I know Iblis can help. But the premise of begging him was as appealing as a stinky sock to me. This devil is all I have, and I pray to the gods to take care of me, let out a shaky breath before I push the doors open.
It is heavy, too heavy for my hands, so I have to use my hips as well to push it open. For a moment, I revel in triumph as I step inside and lean on the door, breathing heavily. But when my eyes cut towards the figure that stands in front of the floor-to-ceiling windows in front of me, the temporary triumph leaves and nerves settle in.

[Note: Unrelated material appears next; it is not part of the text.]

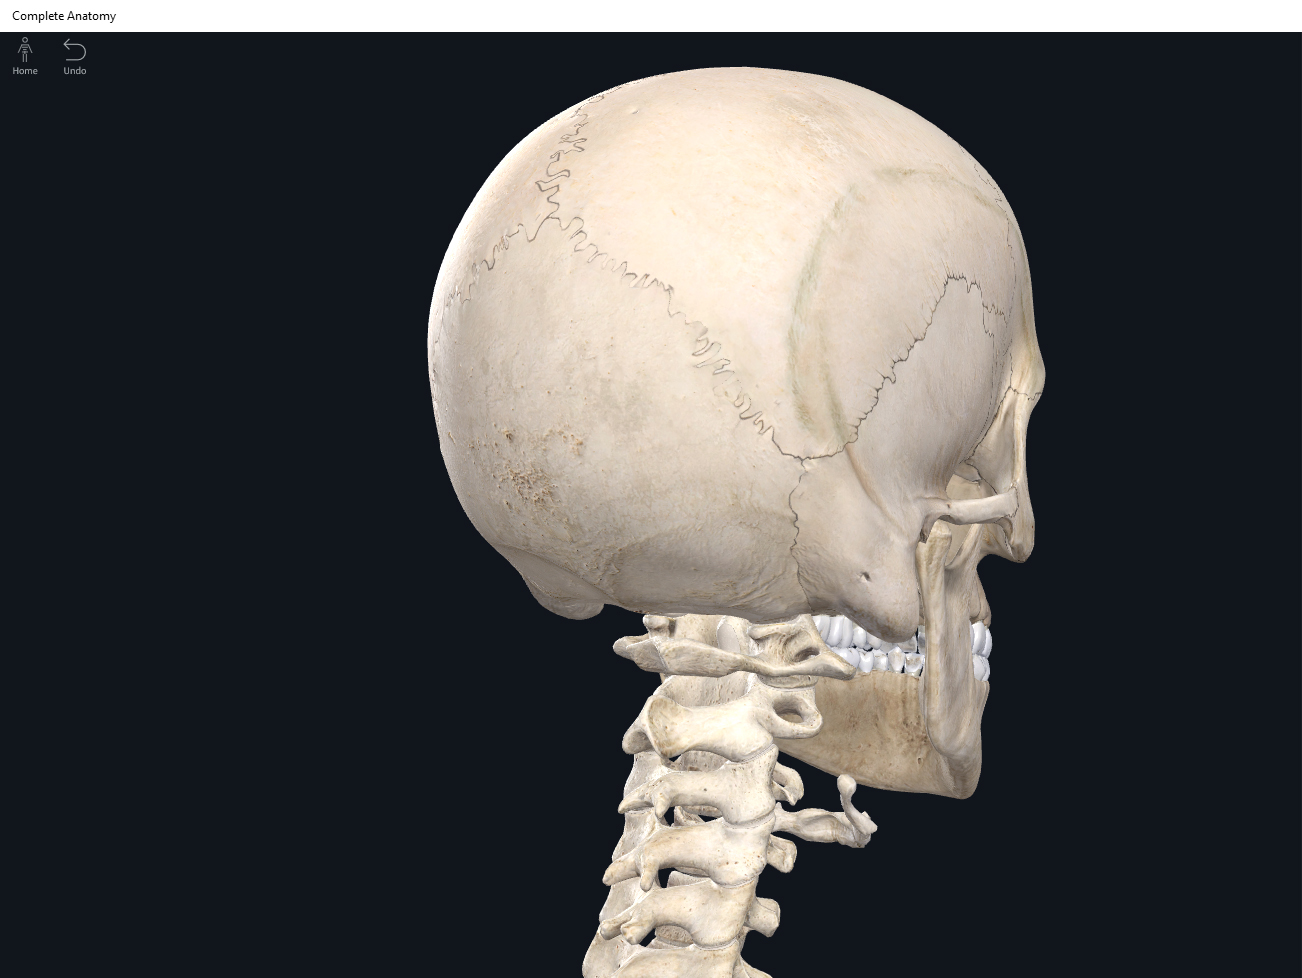 which of these skull bones surround and protect the brain

Conversing or looking at Zagan in the morning is different than in the night. In the morning, if I squinted hard enough, I could pass him for a man who isn’t dangerous. I had to squint real hard, mind you. But in the night, in a confined space—even if it is larger than my home—when in his element, it is impossible not to see him as anything but dangerous. With his staggering height, heavy build and the Olympian personality that he fit in a custom-made suit, he looks like the ruler of darkness people whisper him to be.
He has yet to turn back to grace me with his face, and I am disappointed and grateful at the same time. I need a few minutes to gather myself before his handsome face makes me useless, especially after this morning. I take my time to gather myselfand prep my hormones so as not to go haywire before I clear my throat. When he doesn’t turn even then, I take a step forward.
“Hello, Mr Devlin.”
I keep referring to his second name just to antagonise him. He asked me to call him by his name when we first met, as if it pleased him when I referred him as Zagan. After witnessing his irrational behaviour, I decided not to do anything that pleased him.